#### What the exercise asks
Repeat exactly, and only, the lines below starting at the line that contains "Socks - White" and ending at the line that contains "55pcs 10mm Sticky Googly Eyes With Eyelashes", inclusive of both.

#### Provided data
>>>>
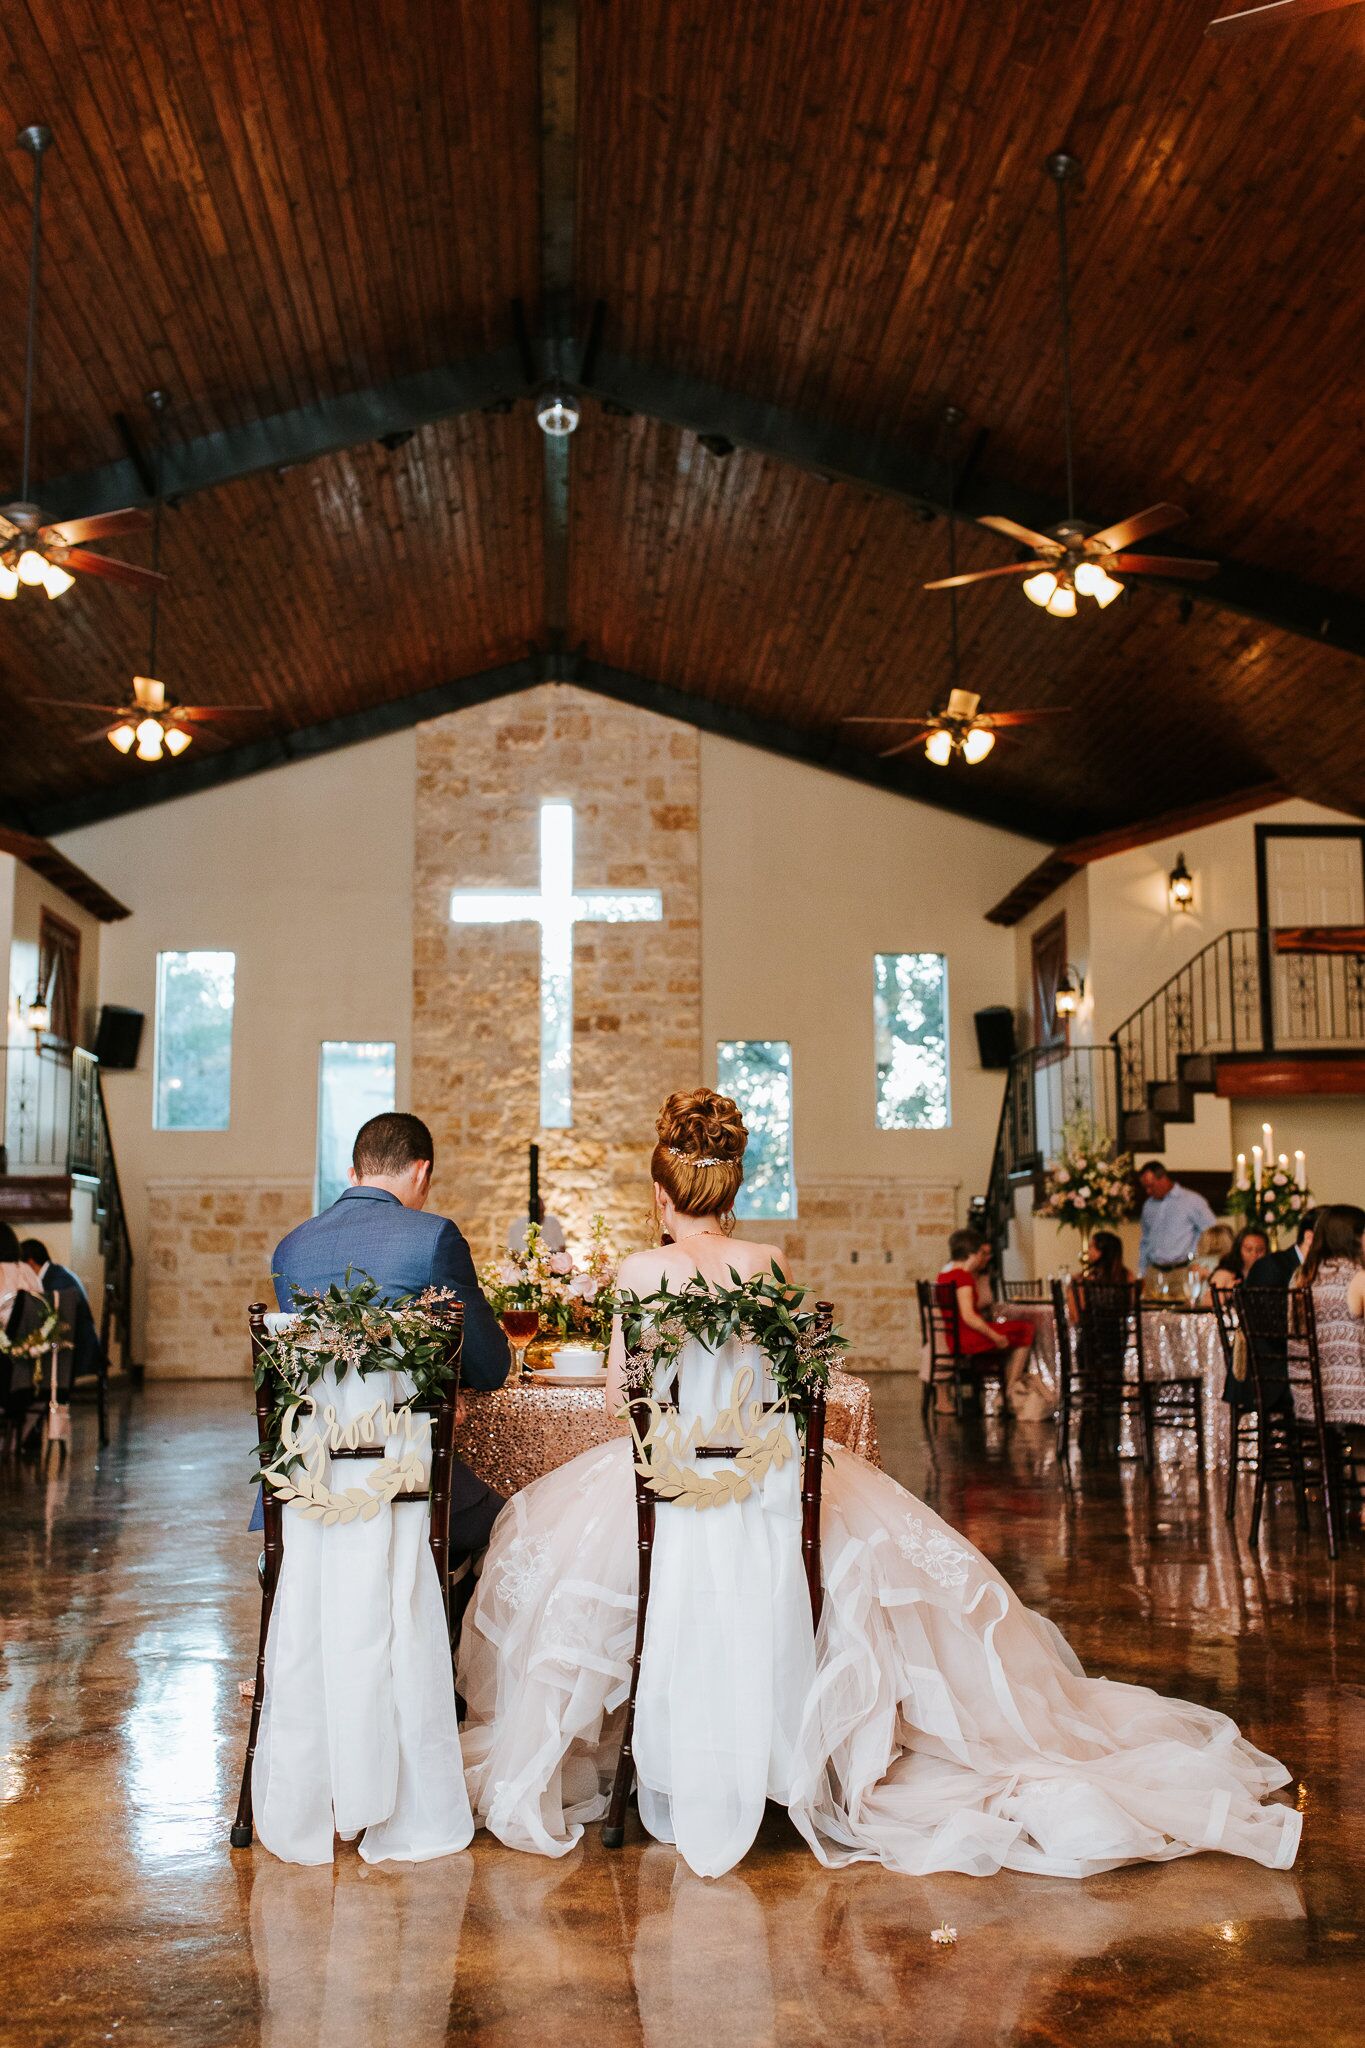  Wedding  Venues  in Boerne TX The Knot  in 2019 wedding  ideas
<<<<
>>>>
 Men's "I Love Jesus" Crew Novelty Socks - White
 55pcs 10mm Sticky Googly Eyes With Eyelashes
<<<<
>>>>
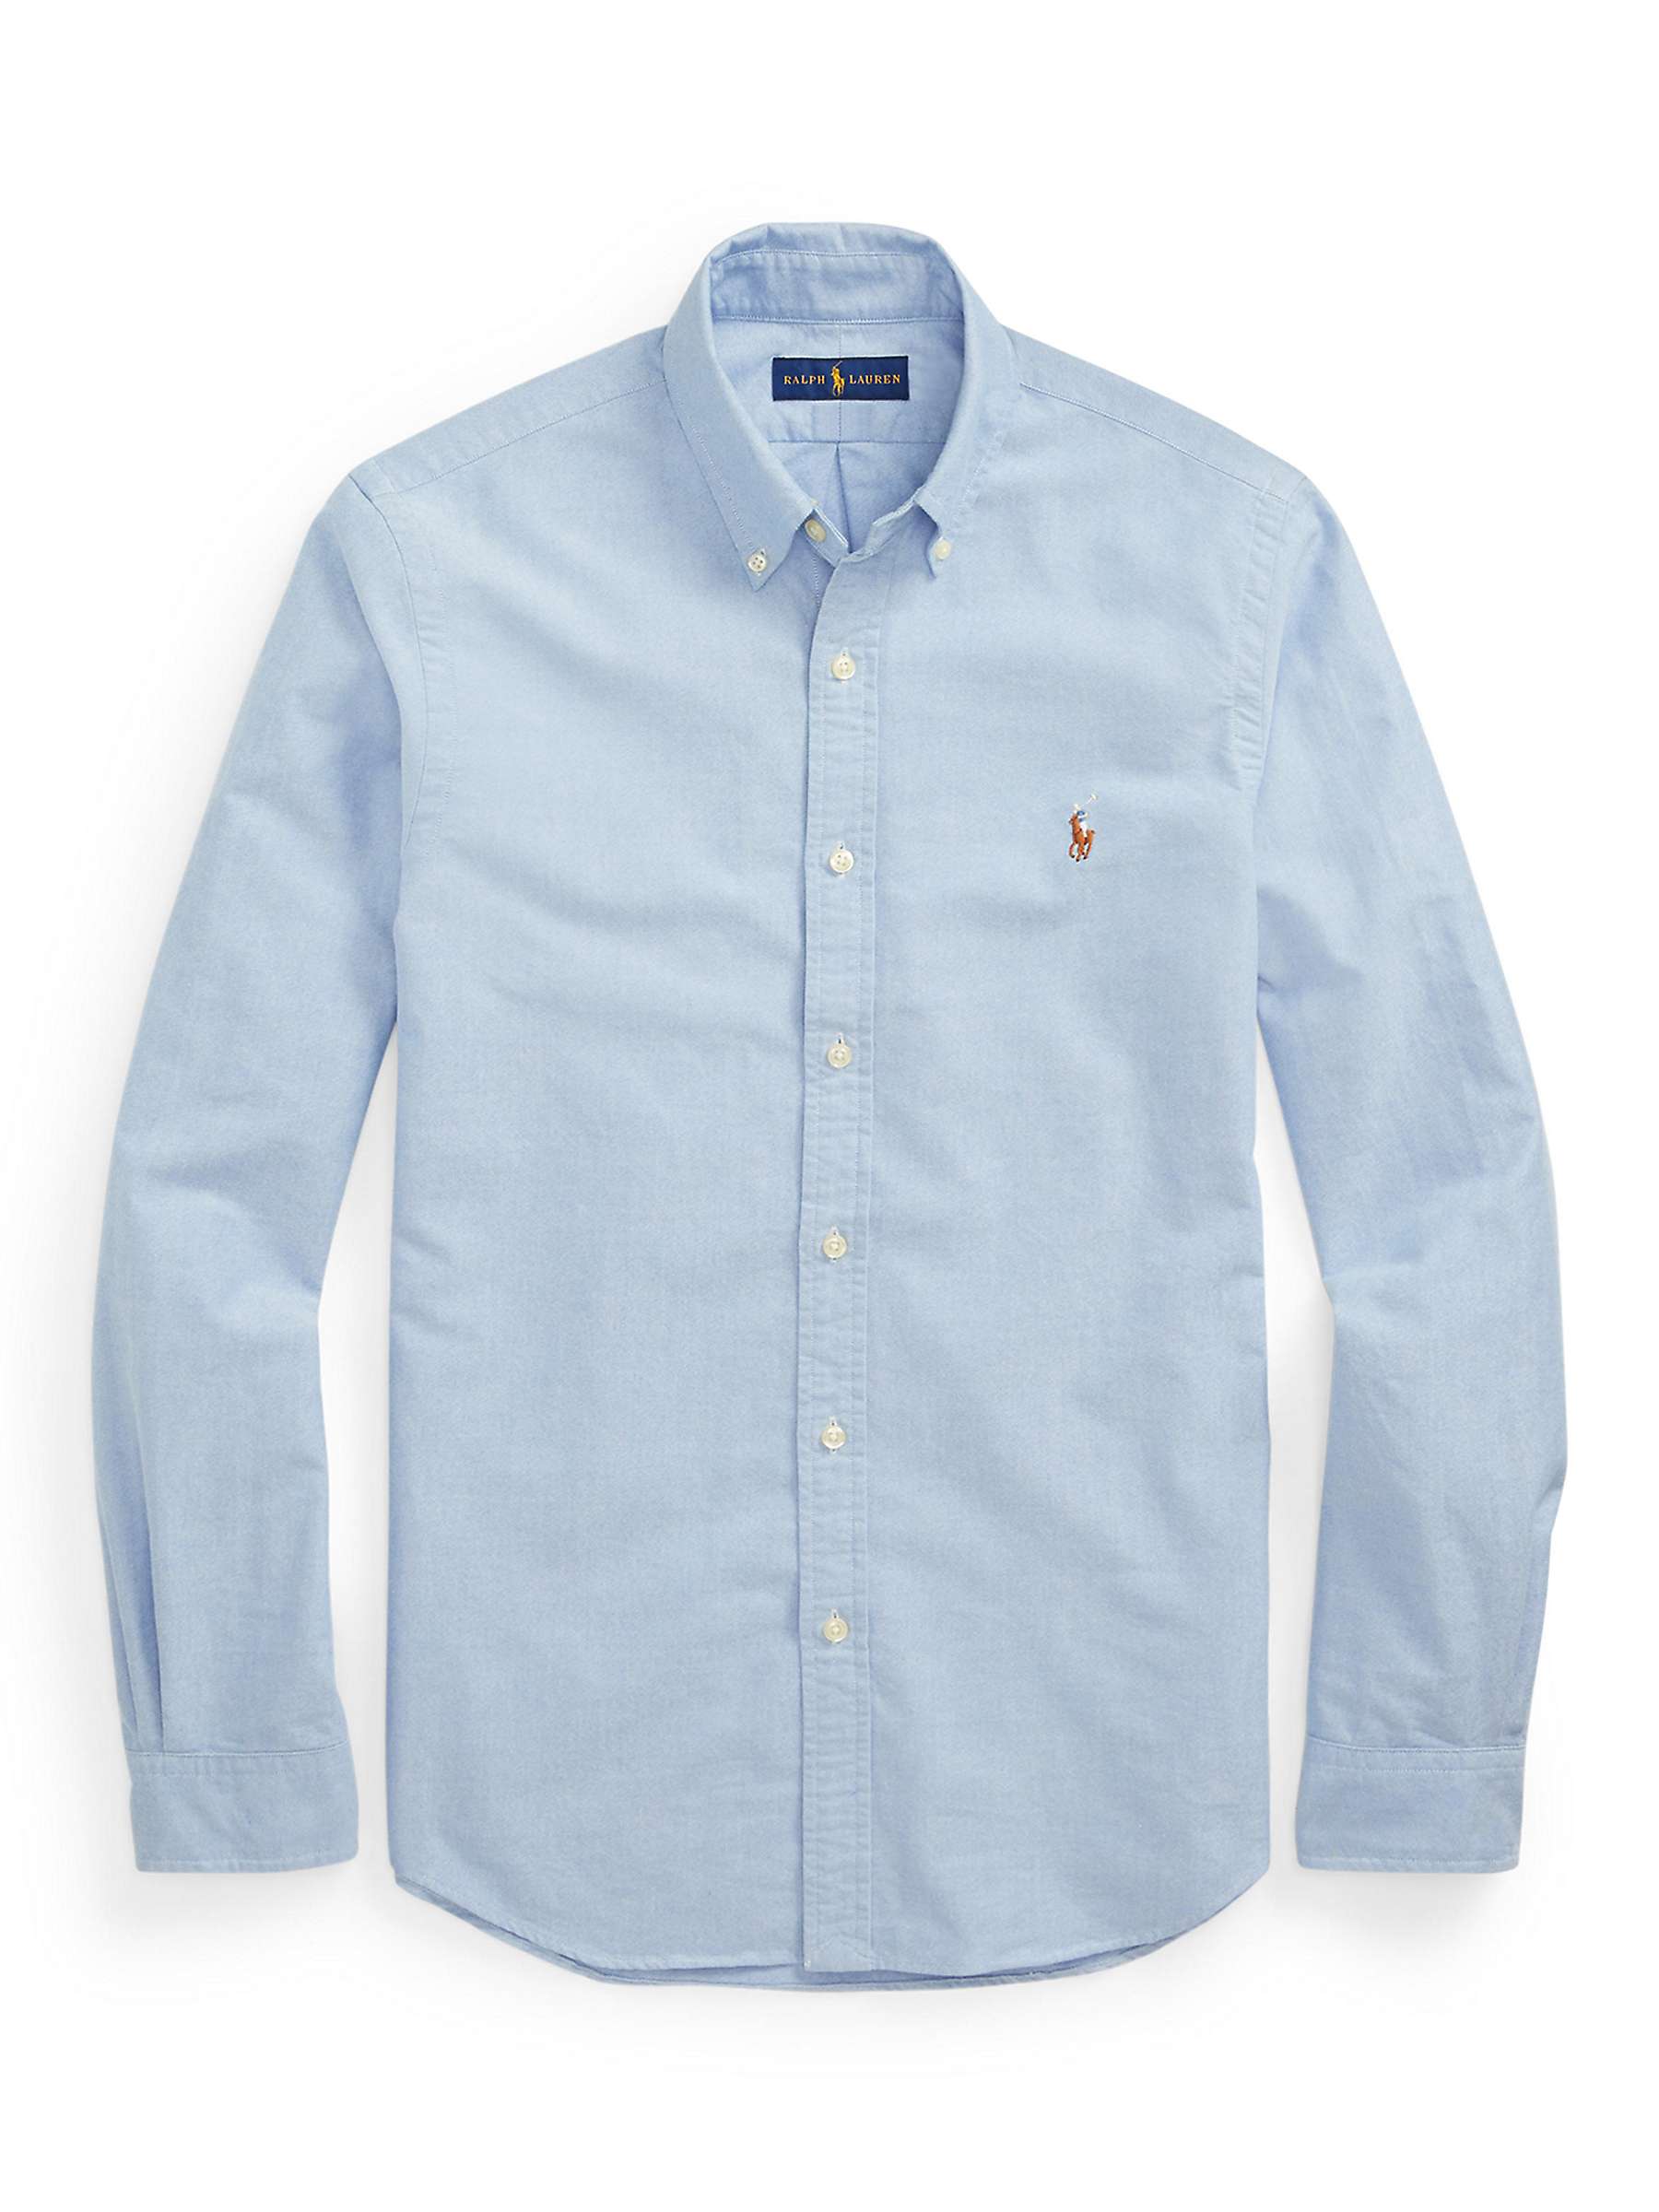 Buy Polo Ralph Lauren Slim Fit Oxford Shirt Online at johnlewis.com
<<<<
#### Exercise output
 Men's "I Love Jesus" Crew Novelty Socks - White
 55pcs 10mm Sticky Googly Eyes With Eyelashes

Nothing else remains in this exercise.